If the map was created in the 1920s, it would have fit within a larger cultural movement that catered to an eager American audience. The forgery closely followed Swedish immigrant Olof Öhman’s 1898 discovery of a carved runestone in Minnesota. Öhman cited the rock as proof that the Vikings had traveled inland from the coast and, coincidentally, built communities in the same area where 19th-century Swedish and Norwegian immigrants were then settling down. Just as with the Vinland Map, scholars were skeptical almost from the start; still, claims about the Kensington Runestone, as it’s known, have persisted for decades, even in the face of quite clear evidence that the artifact is a fake.
As medieval literature expert Dorothy Kim wrote for Time in 2019, 19th-century nationalists looking to create new political and racial myths turned to Viking history as their source material. American poets composed new Viking epics, and, in 1893, a Norwegian captain sailed a replica Viking ship to the Chicago World’s Fair, winning acclaim both in his home country and among Scandinavian immigrants in the United States.

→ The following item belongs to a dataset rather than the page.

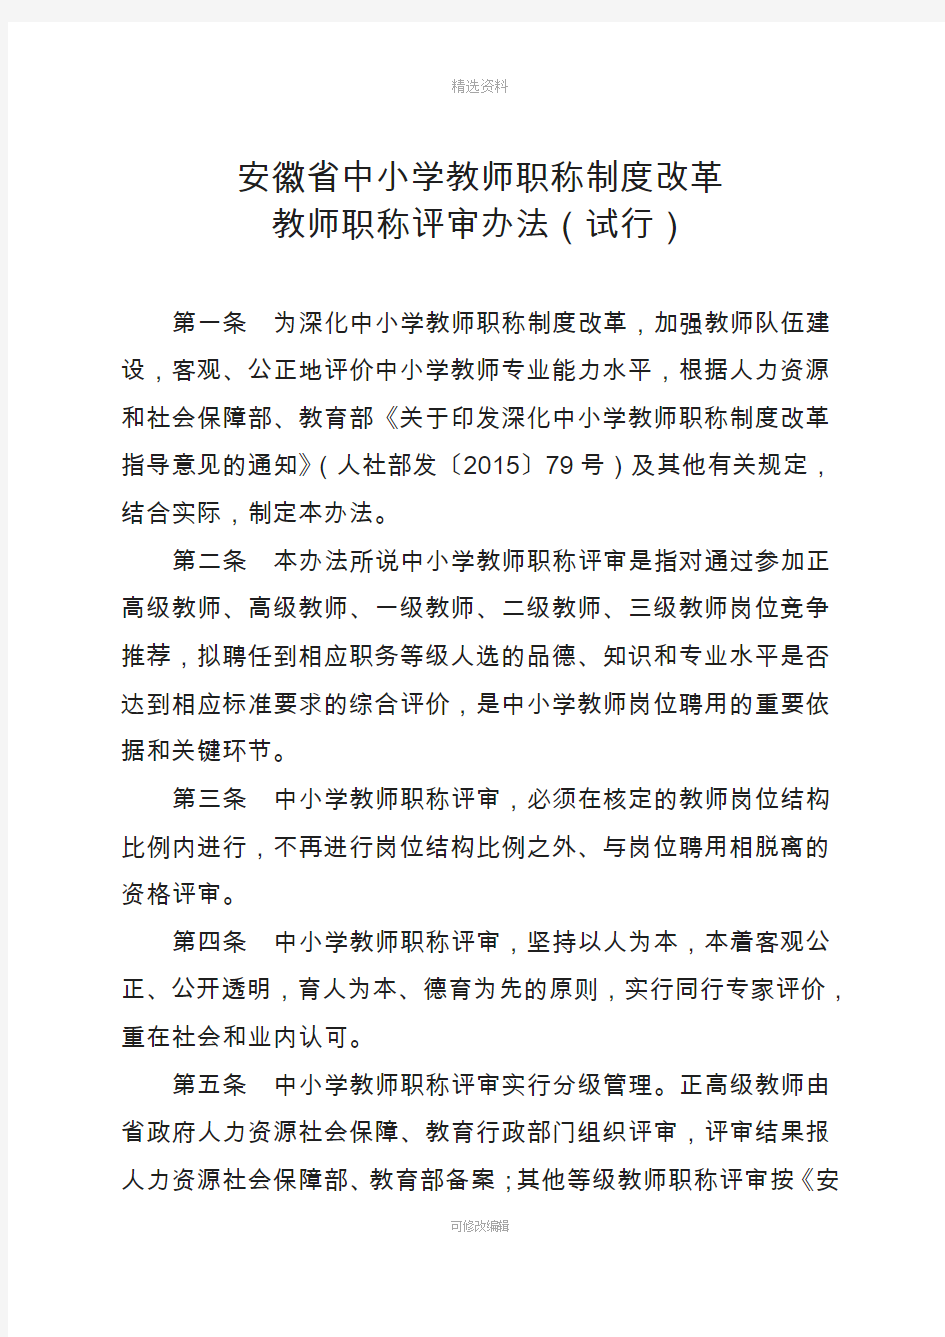 安徽省中小学教师职称制度改革教师职称评审办法(试行)

In northern cities, local groups inspired at least in part by anti-Catholic (and, subsequently, anti-Columbus and anti-Italian) sentiment erected Viking statues. By no coincidence, the announcement of Yale’s acquisition of the Vinland Map just so happened to fall the day before Columbus Day in 1965. At times, the myth of Viking America might seem innocuous enough—but the story has always held the potential for exploitation by those seeking to claim the history of North America for white people.
As with almost all versions of nostalgia, false visions of the Vikings grew around a kernel of historical truth. As we explain in our new book, The Bright Ages: A New History of Medieval Europe, the people of early medieval Scandinavia (popularly called Vikings today) were constant travelers. Around the turn of the first millennium C.E., they raided the coasts of France and England, then traversed the Volga in Russia, moving south to war and trade with the peoples of the Baghdad-based Abbasid Caliphate.

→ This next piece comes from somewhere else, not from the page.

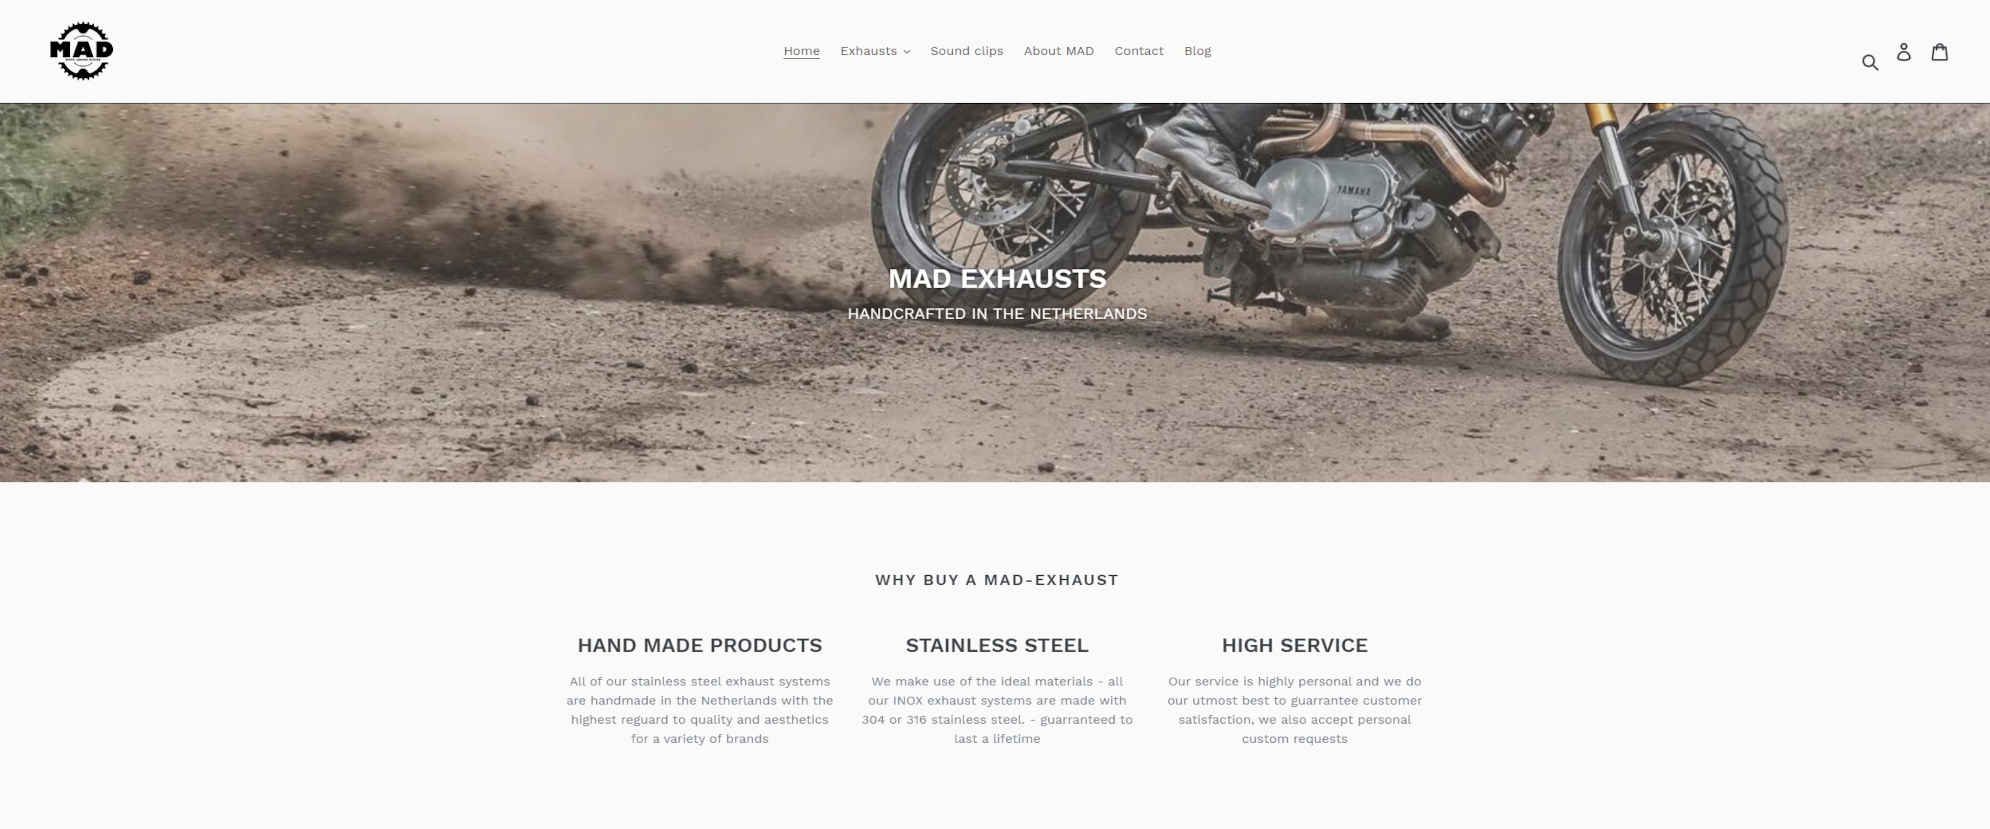 Mad Exhaust website header

Not long after the map’s “discovery,” archaeologists uncovered an 11th-century Norse settlement at L’Anse aux Meadows in Newfoundland, confirming Vikings had travel from Iceland to Greenland to the Canadian coast during that period. Now a Unesco World Heritage Site, the settlement is relatively small but was equipped for long-term occupation, boasting the remains of three dwellings, a forge, and workshops likely used for ship repairs and woodworking.
The Vikings’ presence in North America was short-lived, confined mostly to Nova Scotia and (perhaps) some surrounding regions. After island-hopping across the North Atlantic, the Norse appear to have settled down, trading and fighting with Indigenous tribes. Then, according to the two surviving medieval sagas that mention Vinland, these communities succumbed to infighting and disintegrated.
In one saga, a woman named Freydís (sister of the famed Leif Eriksson) helps defend the Viking colony by baring her breast and slapping it with a sword to scare off Indigenous rivals. In the other, the same Freydís murders several of her fellow colonists with an axe, causing the settlement to fall apart and the survivors to return to Greenland.
These stories aren’t the ones that inspired the Kensington Runestone or the Vinland Map. Instead, the edges of those tales were worn smooth, washed clean and repurposed in service of early 20th-century politics and culture. Desperate to minimize the role of Spaniards, Italians and Indigenous peoples, some Americans went looking in the past, determined to find themselves. Unsurprisingly, they found what they were looking for—even if it sometimes meant inventing from whole cloth the sources of the story they wanted to tell.